Ismund is inhabitable to humans only between the tropics, and then really only in the summer above ground; much of the winter is spent underground.

North and south of the tropics are still –just- inhabitable for the adapted men, who have a sort of no-man’s-land of several hundred miles where men and trolls/giants live within hunting distance of one another.

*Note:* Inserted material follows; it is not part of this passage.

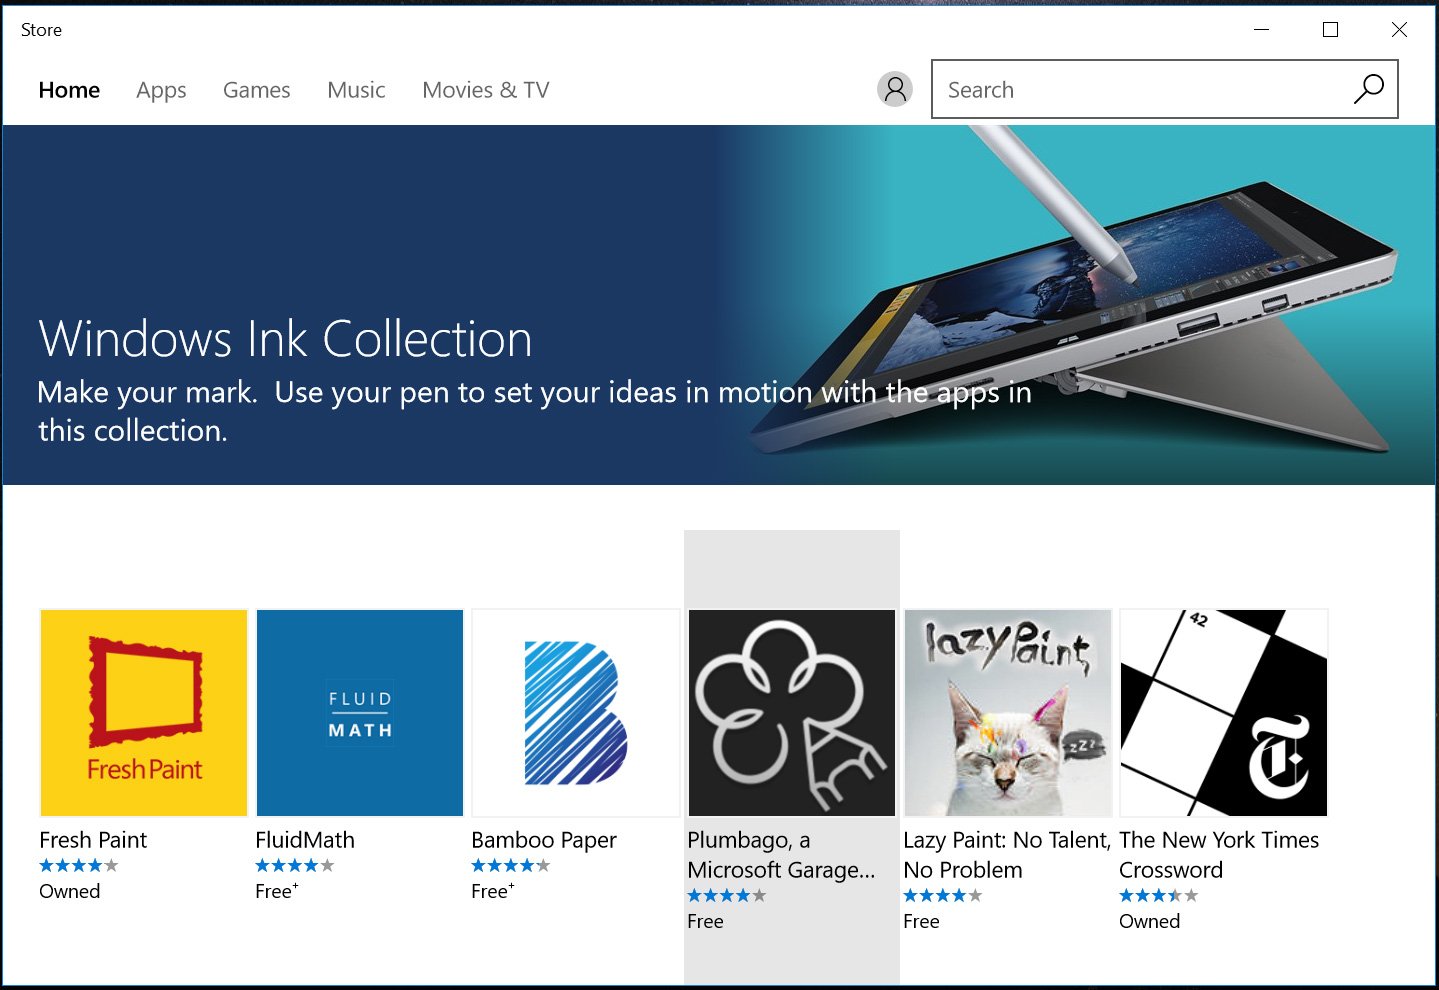 Windows Ink Collection

And in the far south, just before Ship was destroyed, it spotted evidence of a crashed ship. A ship which maybe Allman can take back into orbit, even send a distress call, even – unlikely though it seems—fly it home…

Protagonists
Karl Allman is married to a clone-wife, and has a brood-wife with whom he has had a child, and a pair-husband. His brood-wife is pregnant, something they have been trying for for over forty years, so he is desperate to return home. Karl was bullied as a child (one bully made him drink bleach to watch what the nanobytes did to repair the damage – nanotech paradoxically makes life easier for bullies as its harder to damage a body irrepairably, although not impossible). The bully was short, stocky and dark – exactly like Ragnar. Karl is unable to hide his initial antipathy to Ragnar; antipathy that is more than returned.

Antagonists
Ragnar Helgrimsson; dark and intense – poetic yet brutal, given to violent fits of rage, but at the start seems merely sullen, and can turn on the charm when he chooses. In fact, in the beginning, when we first meet him, and he is with friends – and especially with women – he is very charming, and quite kind. But when he drinks, he turns ugly, and especially when he is around Karl, whose presence makes him feel threatened (he is jealous of the gene-sculpted spacer’s almost inhuman beauty) so tries to assert his masculinity, and when Karl defies him, his temper gets the better of him.

Catalysts
Bera Sigurdsdottir; Ragnar’s foster-daughter. Deformed, but pregnant by Ragnar at the start of the story, although she won’t admit the father’s identity. Her falling in love with Karl is the catalyst for the conflict, and when she decides to help him in defiance of Ragnar, things get very nasty.